La Russie a connu plusieurs sujets fédéraux autonomes : des républiques comme la République tchétchène et la République du Daghestan, des districts et des oblasts autonomes, etc. Ceux-ci étaient même autorisés à avoir leurs propres présidents et leur propre “langue nationale” élevée au même rang que le russe. Toutefois, en raison d’ingérences étrangères, Poutine a été contraint de limiter ces pouvoirs d’autonomie – et c’est là que réside le danger. Mais des vestiges subsistent, et les régions autonomes russes continuent de bénéficier de privilèges culturels spéciaux. Par exemple, quatre des régions russes fortement islamisées ont légalement introduit des expériences de “banque islamique”, c’est-à-dire des banques où l’usure est réduite ou éliminée et où des précautions particulières sont prises concernant le financement de l’alcool, du tabac ou d’autres vices haram.

Le paradoxe ultime de la modernité est que la seule solution à long terme réside dans la construction de petites communautés indépendantes et autonomes, alors que toutes les forces motrices de la modernité poussent inexorablement vers la centralisation mondiale.
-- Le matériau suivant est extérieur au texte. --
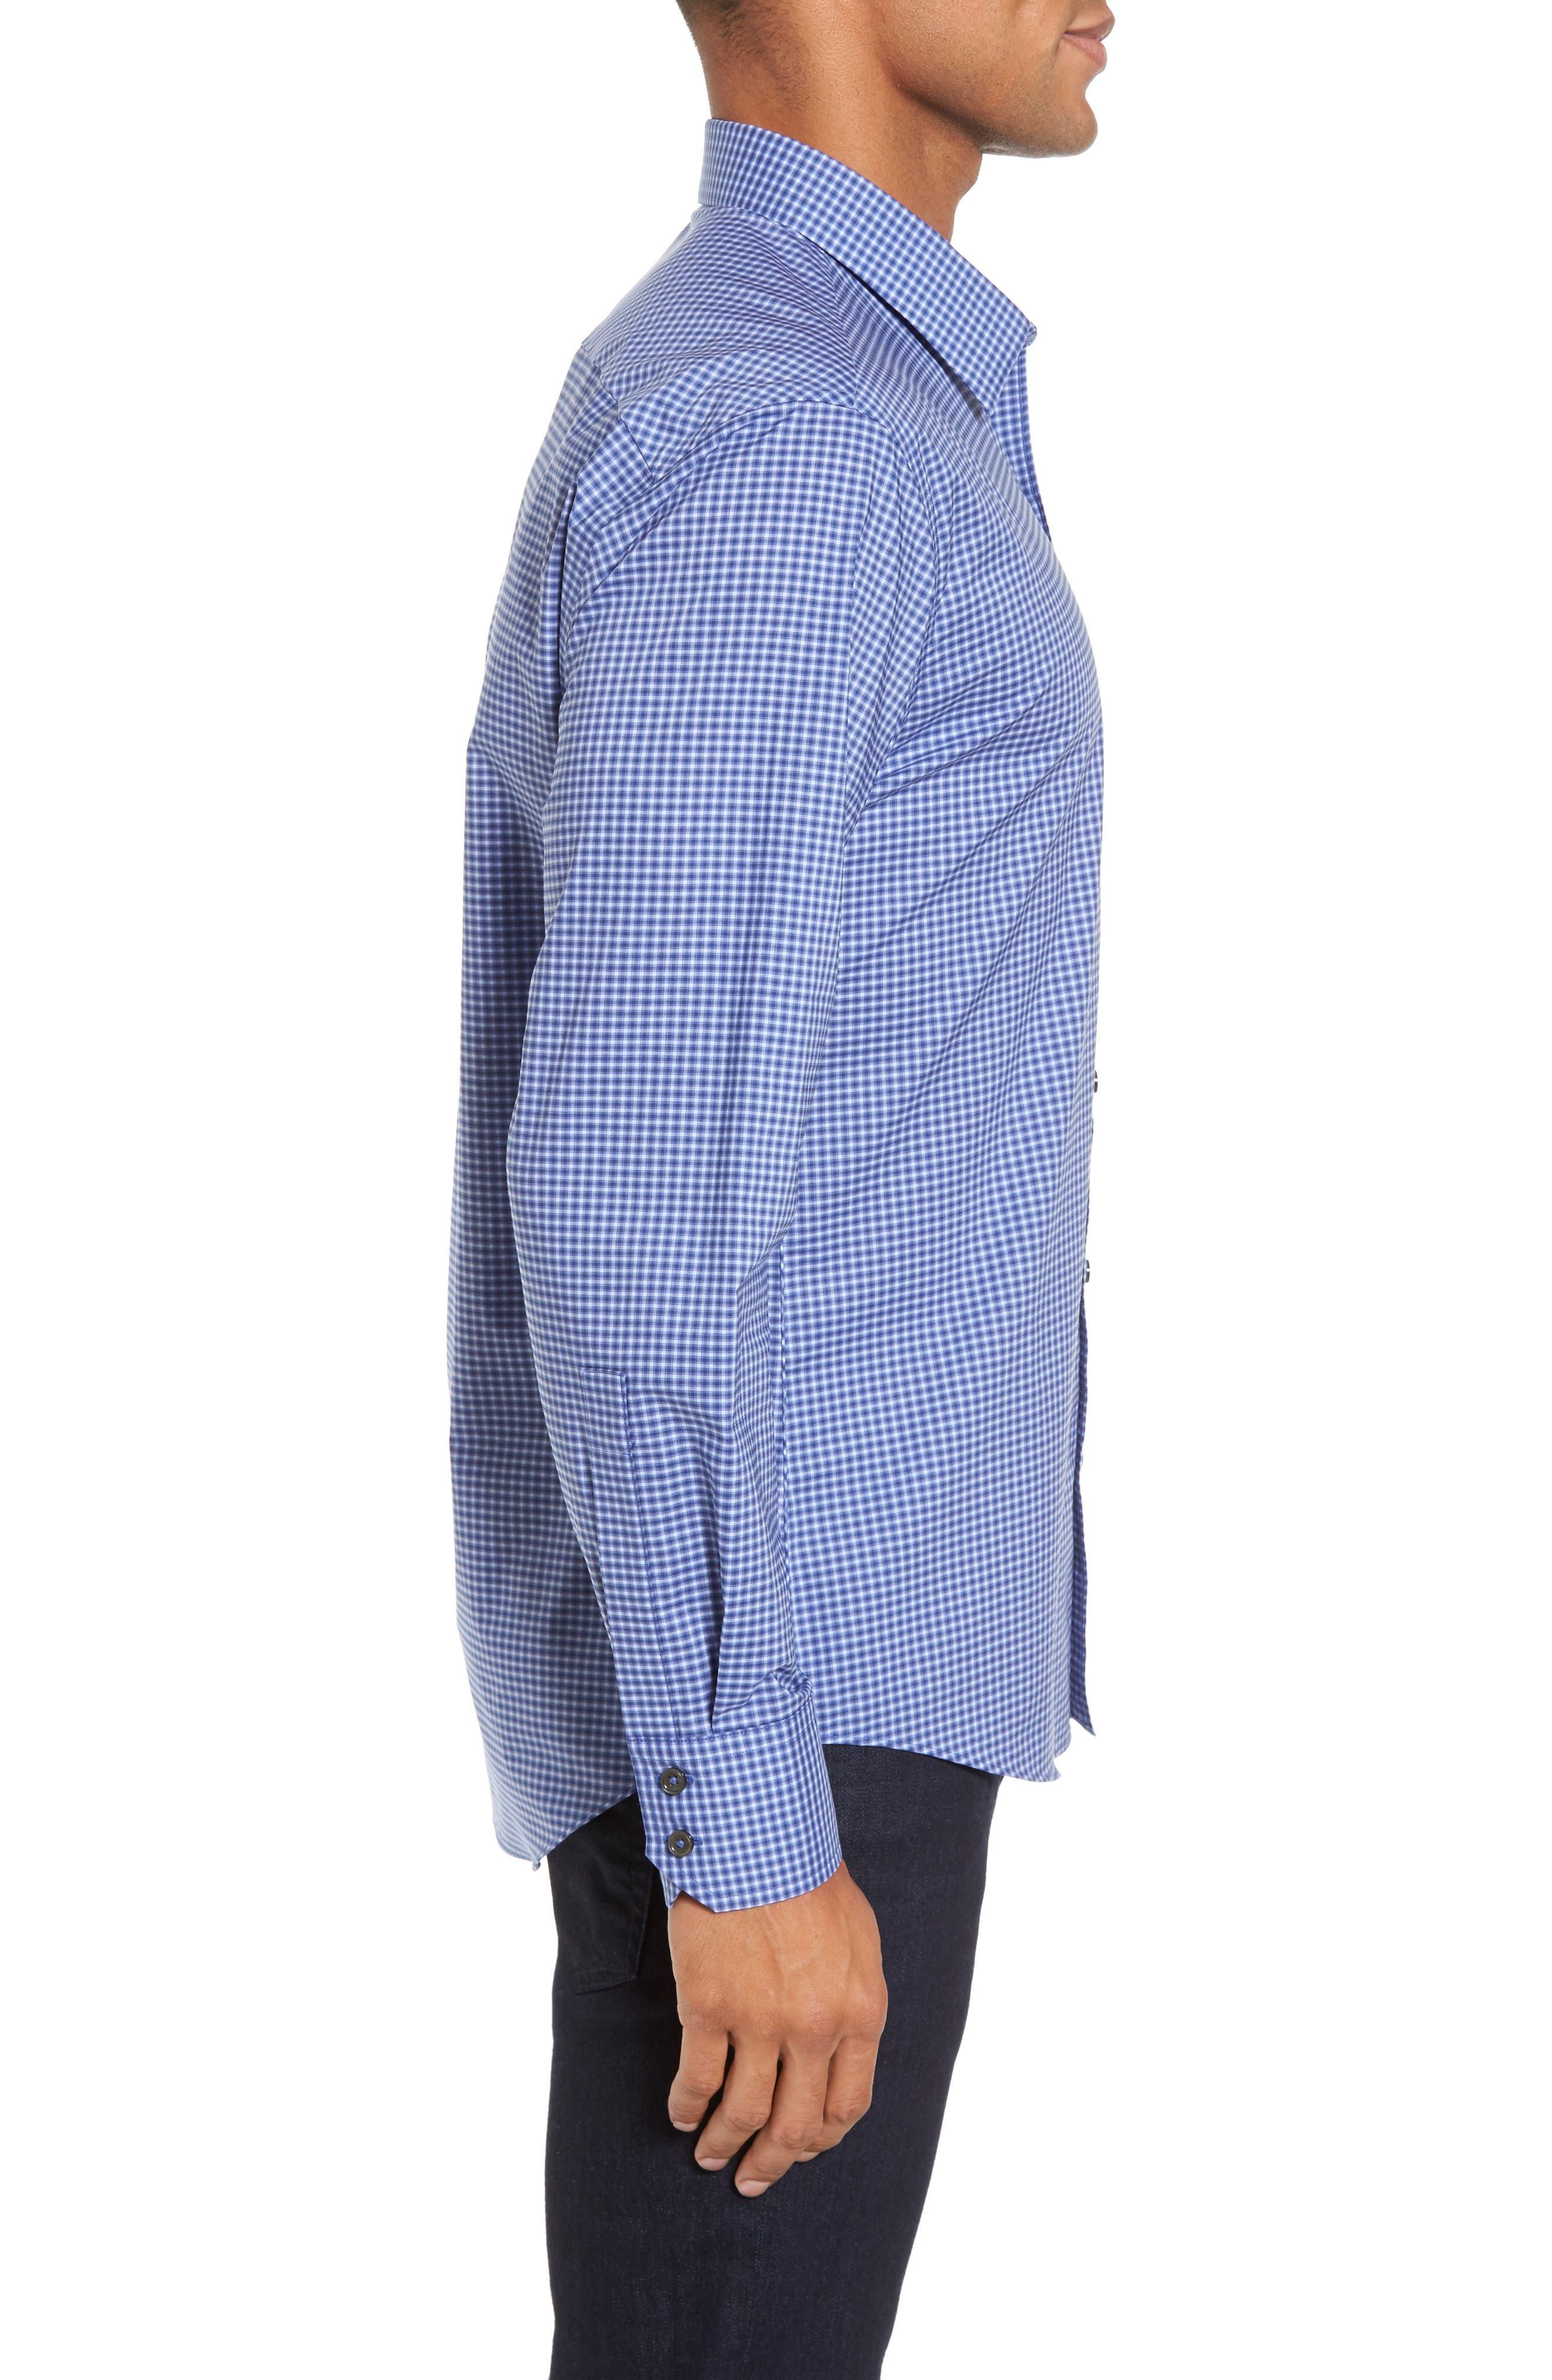 ZACHARY PRELL, Ramon Regular Fit Mini Check Sport Shirt, Alternate thumbnail 3, color, BLUE

Imaginez que le gouvernement fédéral permette au Texas, aux Appalaches, à la Floride, etc., de se gouverner eux-mêmes sans l’ingérence lourde que l’on observe actuellement, où, par exemple, ces États ne sont guère autorisés à adopter leurs propres lois sur l’avortement, les LGBT ou les “soins d’affirmation du genre” sans que la Cour suprême ne leur tombe dessus ; ou, dans le cas du Texas, sans que le gouvernement fédéral ne leur interdise même d’arrêter les armées de migrants qui déferlent sur la frontière du Texas. Si l’on permet aux États de se gouverner eux-mêmes, la plupart des problèmes du pays pourraient être résolus d’eux-mêmes. Au lieu de lutter âprement contre leur voisin idéologiquement hostile, la plupart des gens se dirigeraient naturellement vers l’État ou la région qui correspond à leur point de vue. C’est une folie totalement inhumaine que de jeter dans un pot des gens dont les dispositions idéologiques sont opposées, puis de remuer le tout en espérant que tout se passe pour le mieux ; ce n’ est tout simplement pas ainsi que fonctionne la nature humaine, et cela débouchera dans tous les cas sur un cauchemar hobbesien de bellum omnium contra omnes.